» **WORK INSTRUCTION**
Repeat the listing below in full and exactly. Pictures are to be omitted.

» **DATA BELOW**
--- START ---
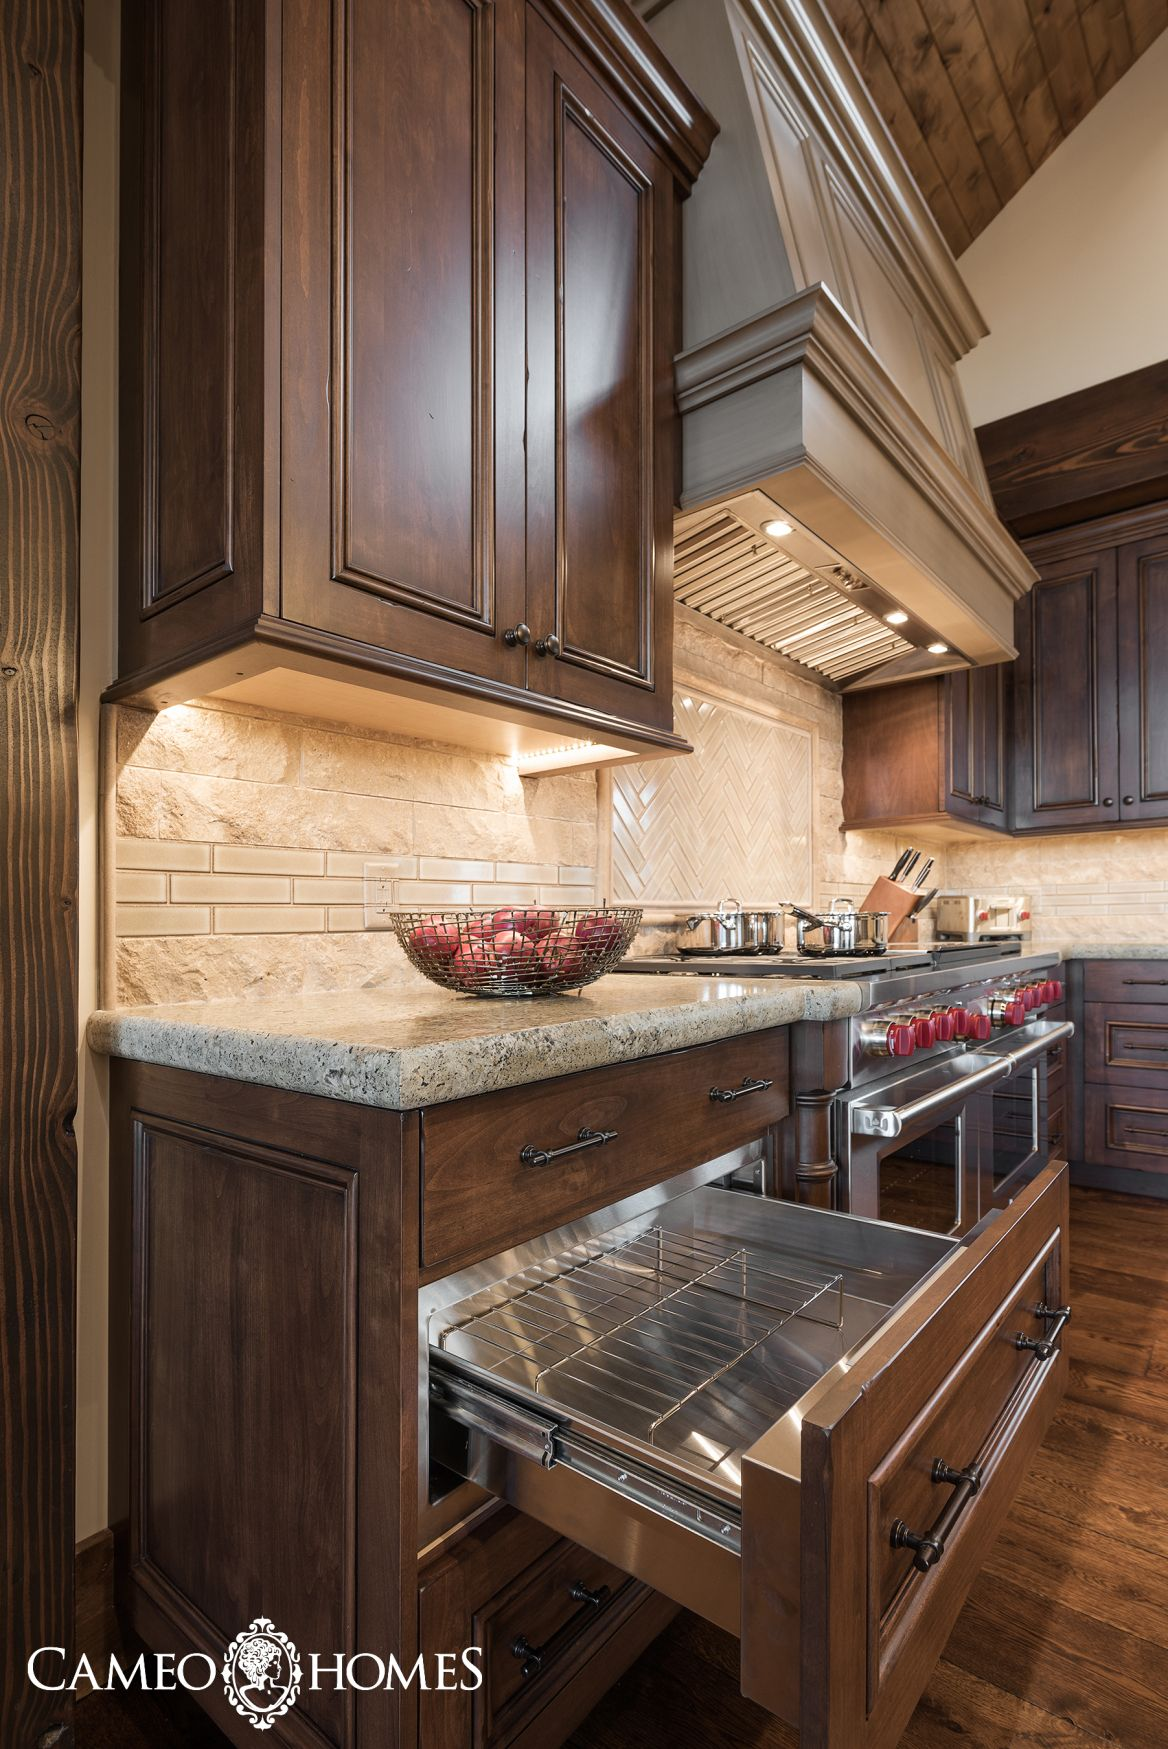 _llc9470_web_watermarked | Kitchen inspirations, Rustic ...
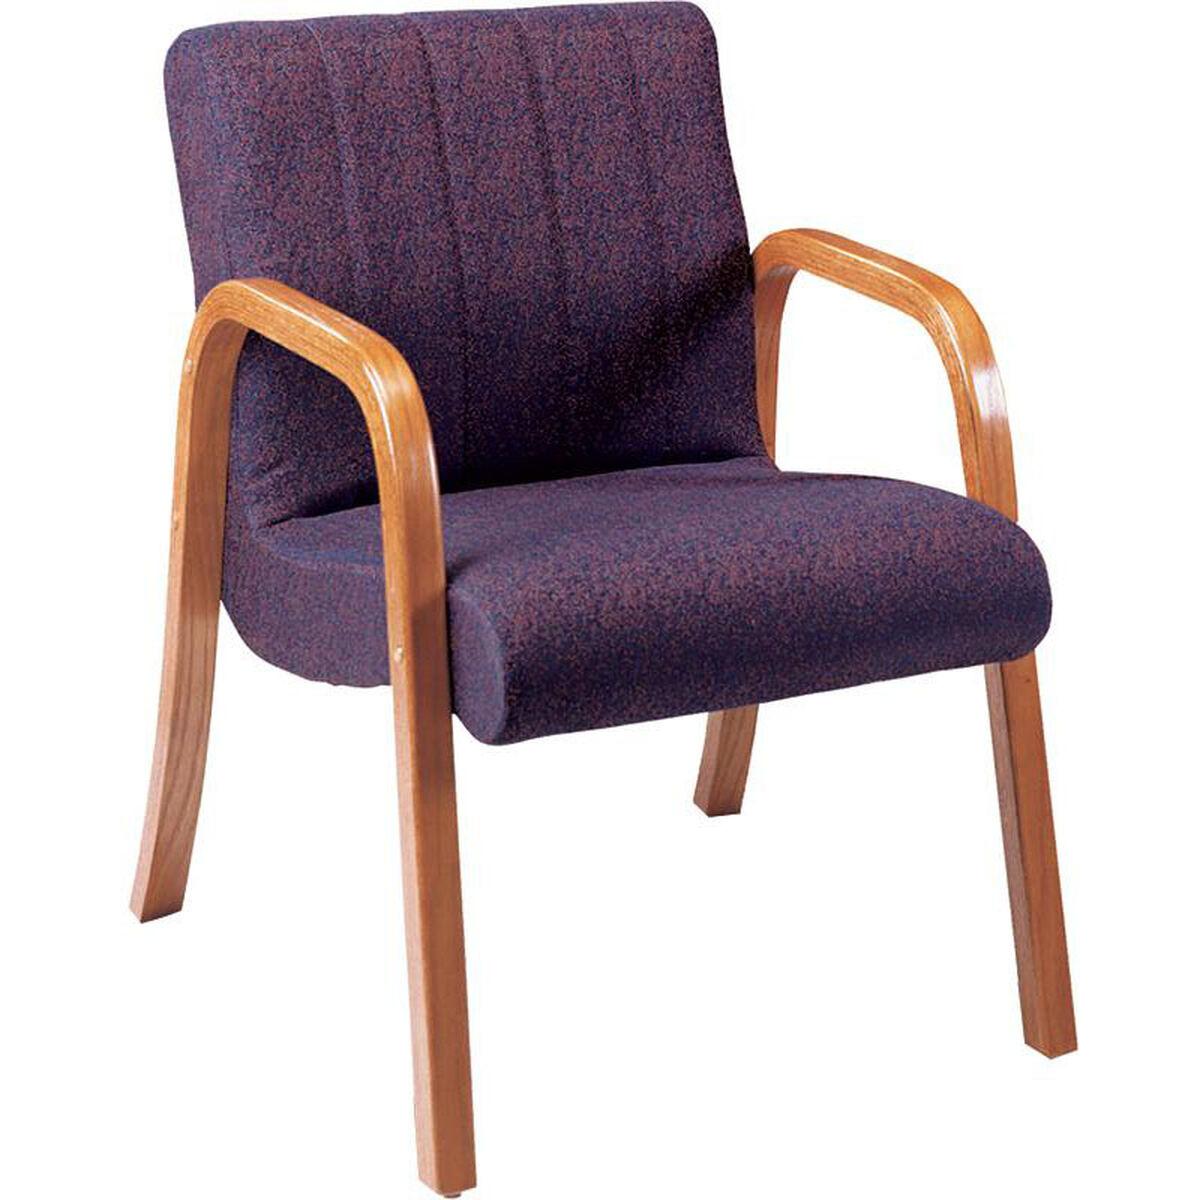 High Point Furniture Industries 1003 Hpf
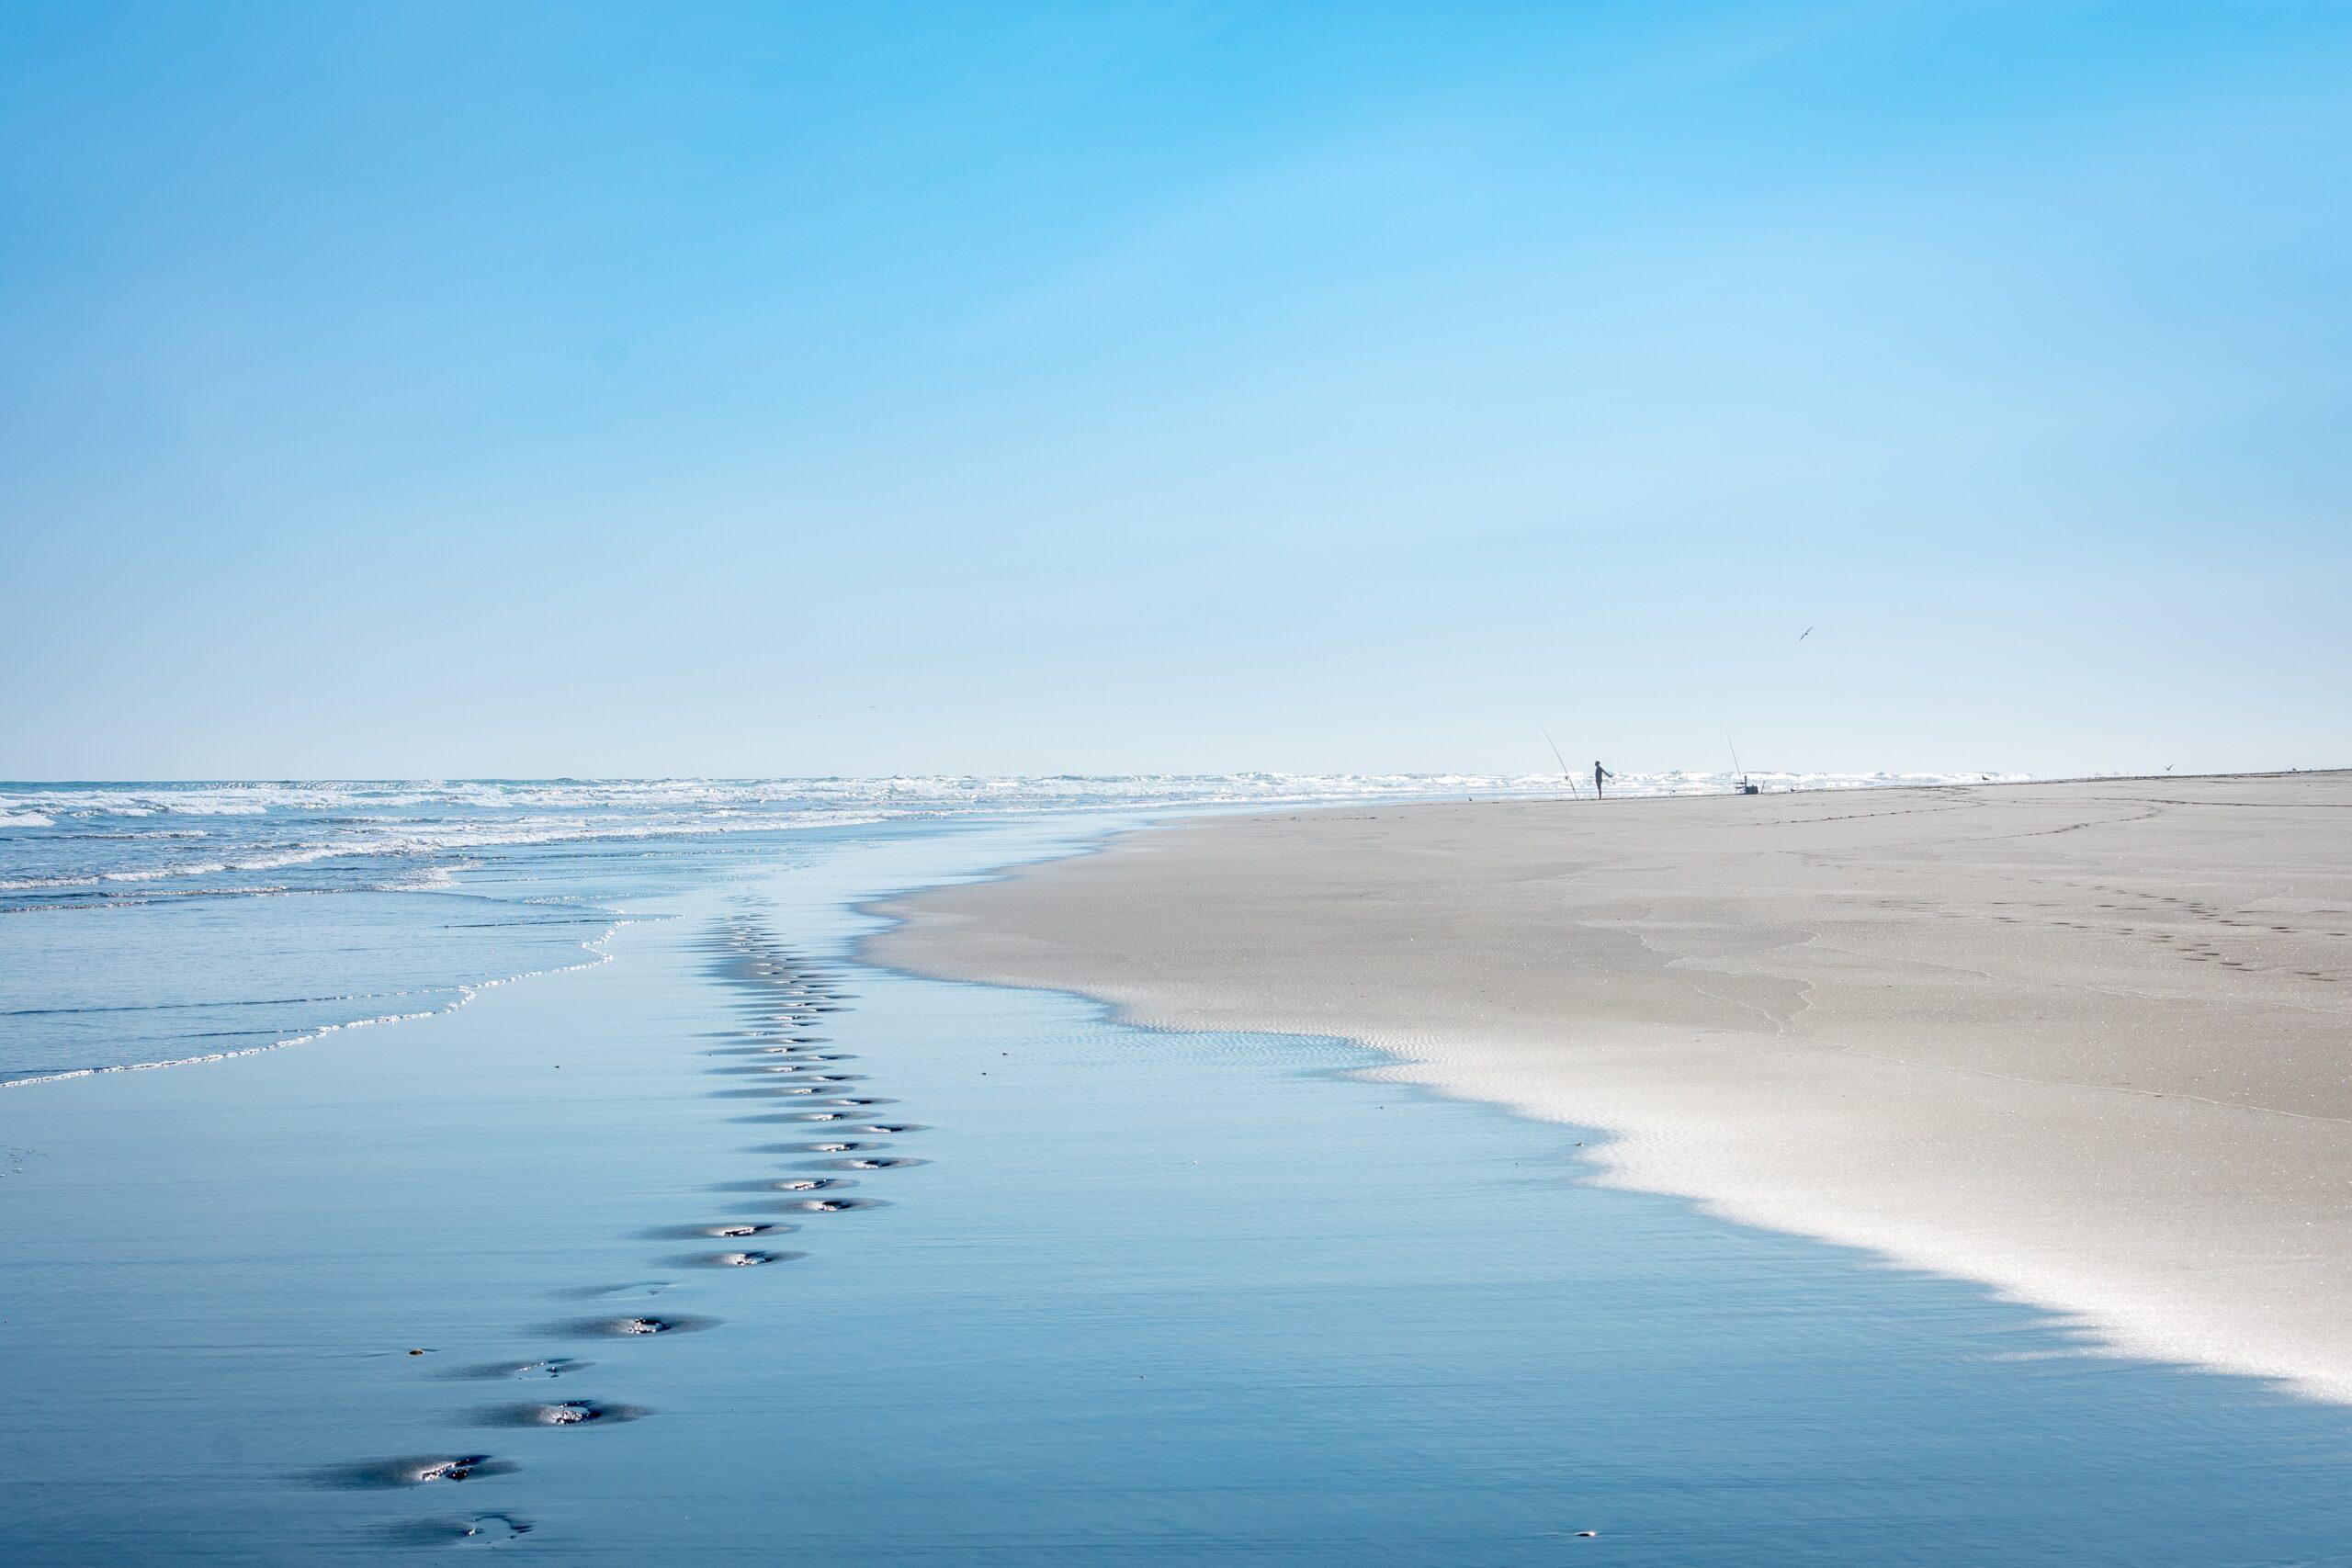 footsteps along a beach
--- END ---
» **RESPONSE BELOW**
 _llc9470_web_watermarked | Kitchen inspirations, Rustic ...
 High Point Furniture Industries 1003 Hpf
 footsteps along a beach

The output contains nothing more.